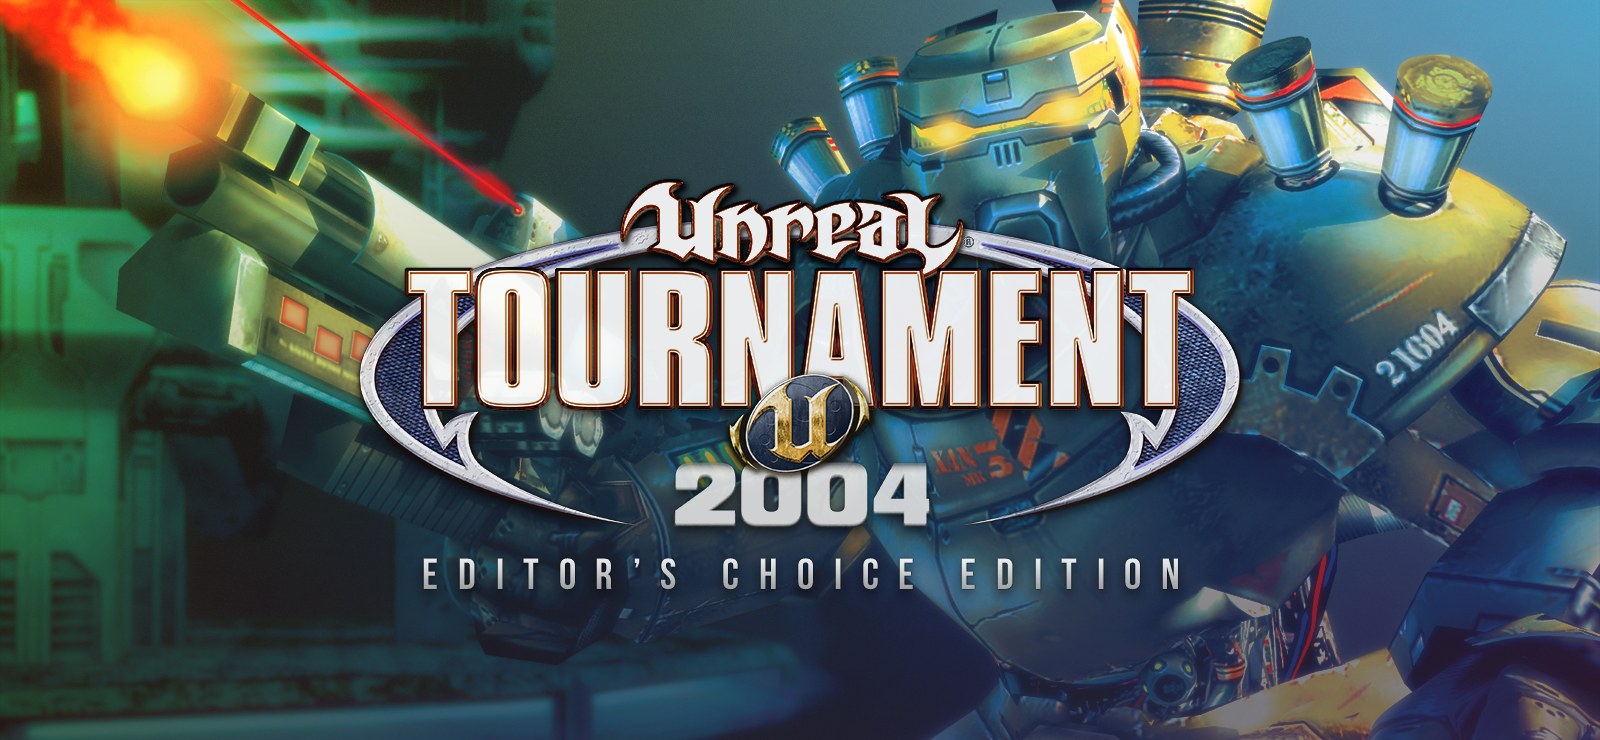 Unreal Tournament 2004 Editor's Choice Edition
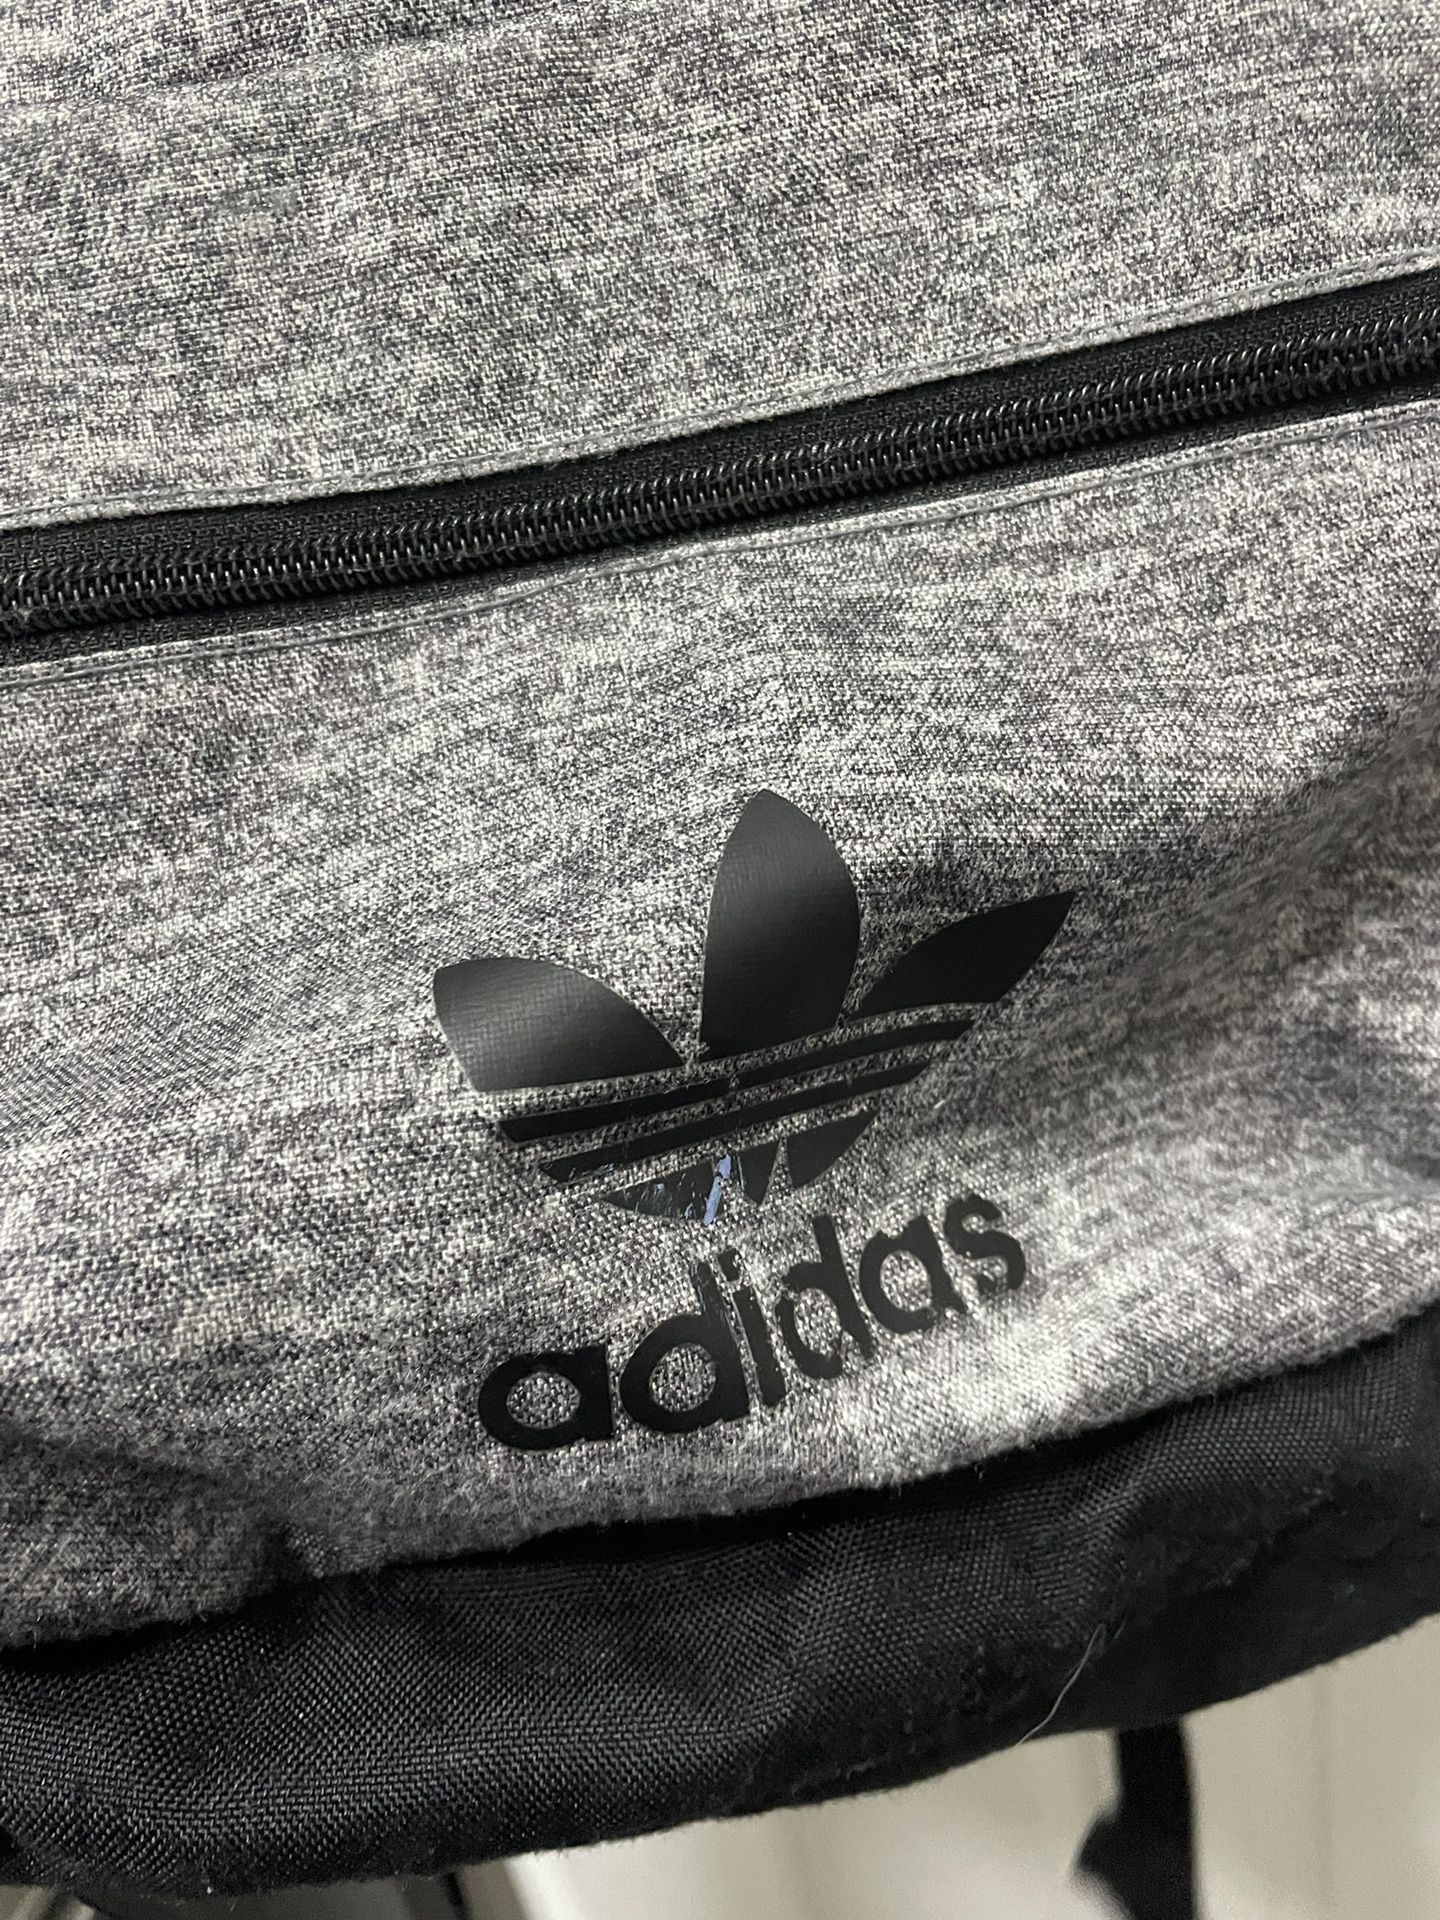 Adidas back pack  
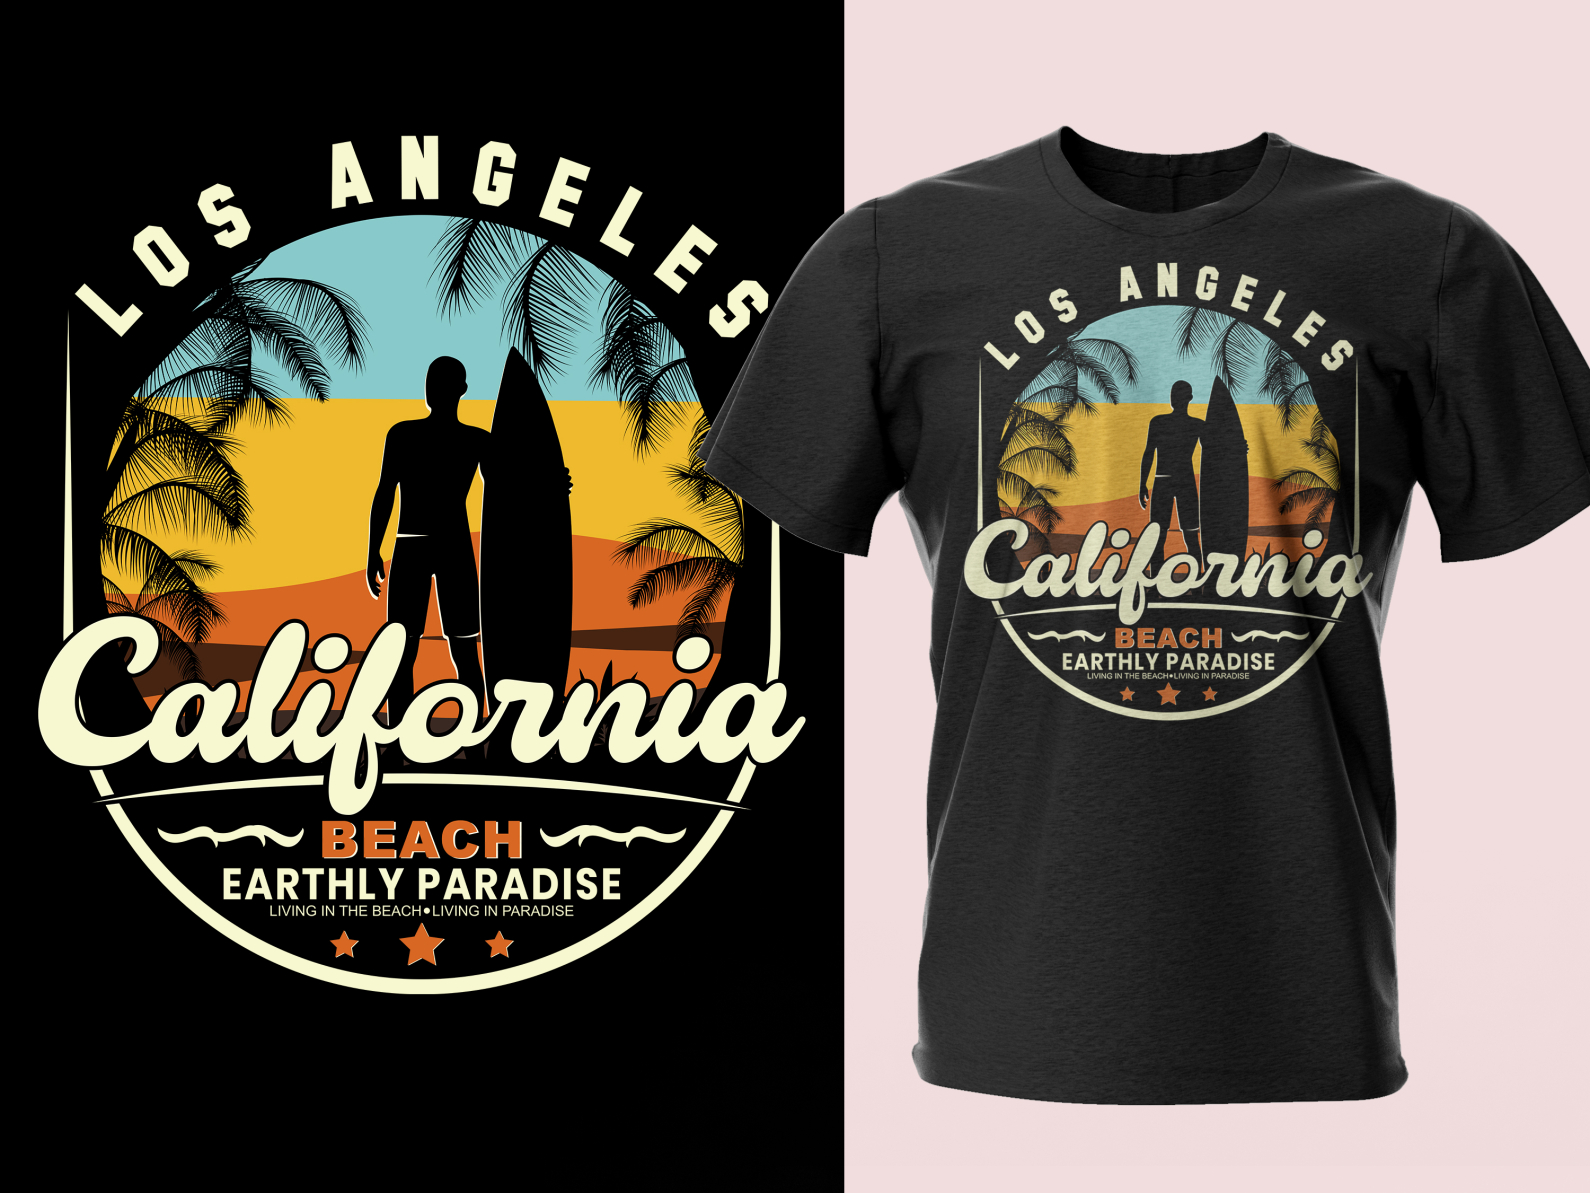 California Beach T shirt Design by sawrav uz-zaman on Dribbble
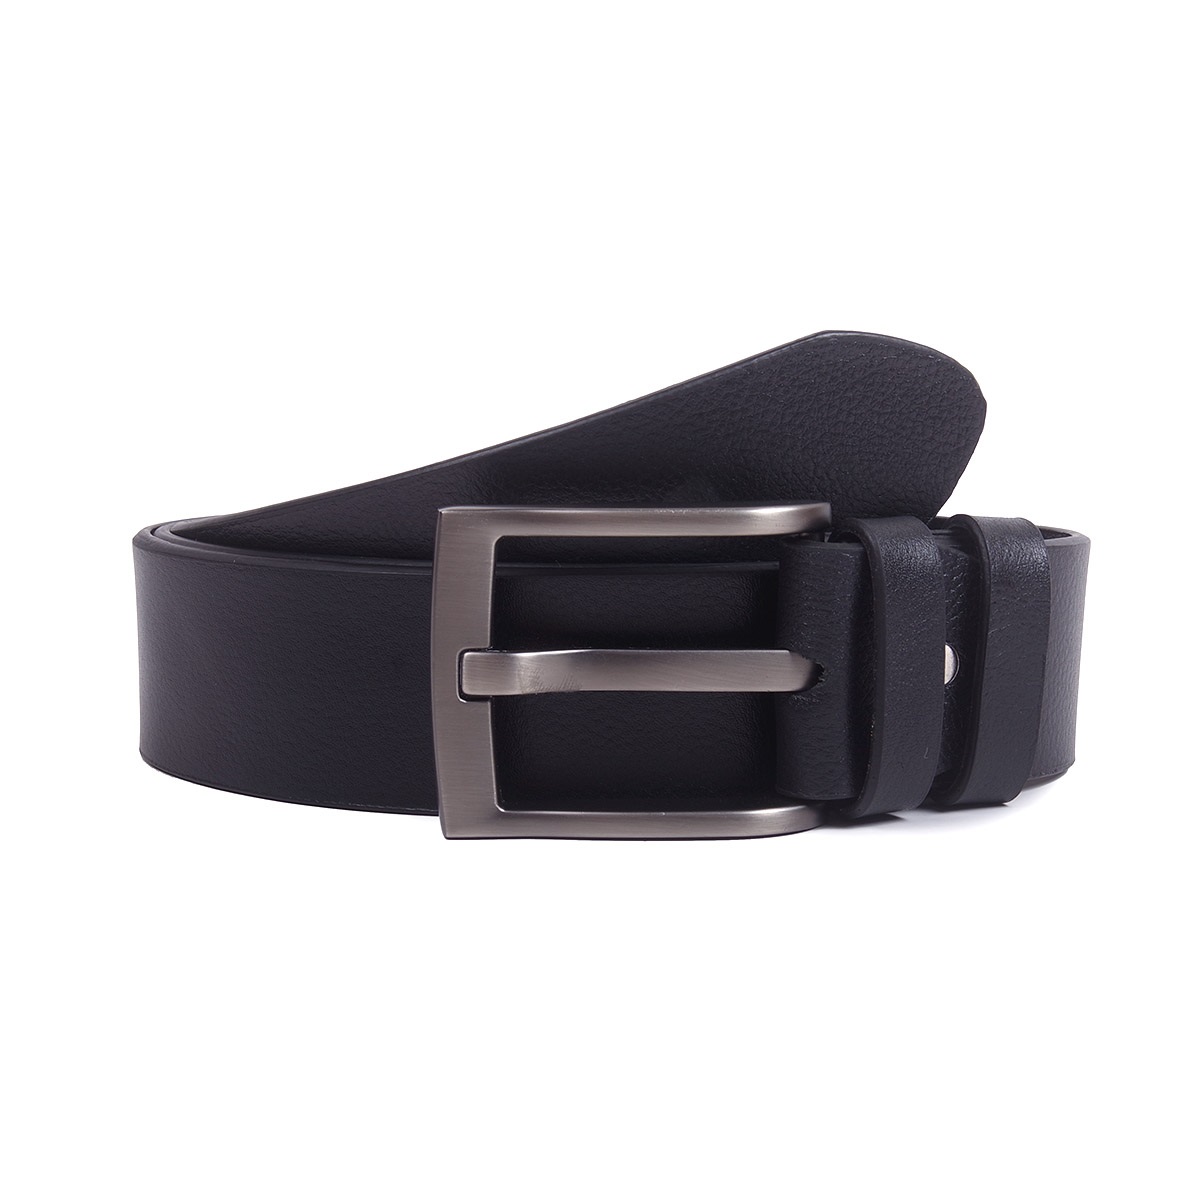 Premium Quality Men's Black Leather Belt for Male

====

● **Action item**
Every line of the data should be copied as it stands, without the images.

● **Written reply**
 Unreal Tournament 2004 Editor's Choice Edition
 Adidas back pack  
 California Beach T shirt Design by sawrav uz-zaman on Dribbble
 Premium Quality Men's Black Leather Belt for Male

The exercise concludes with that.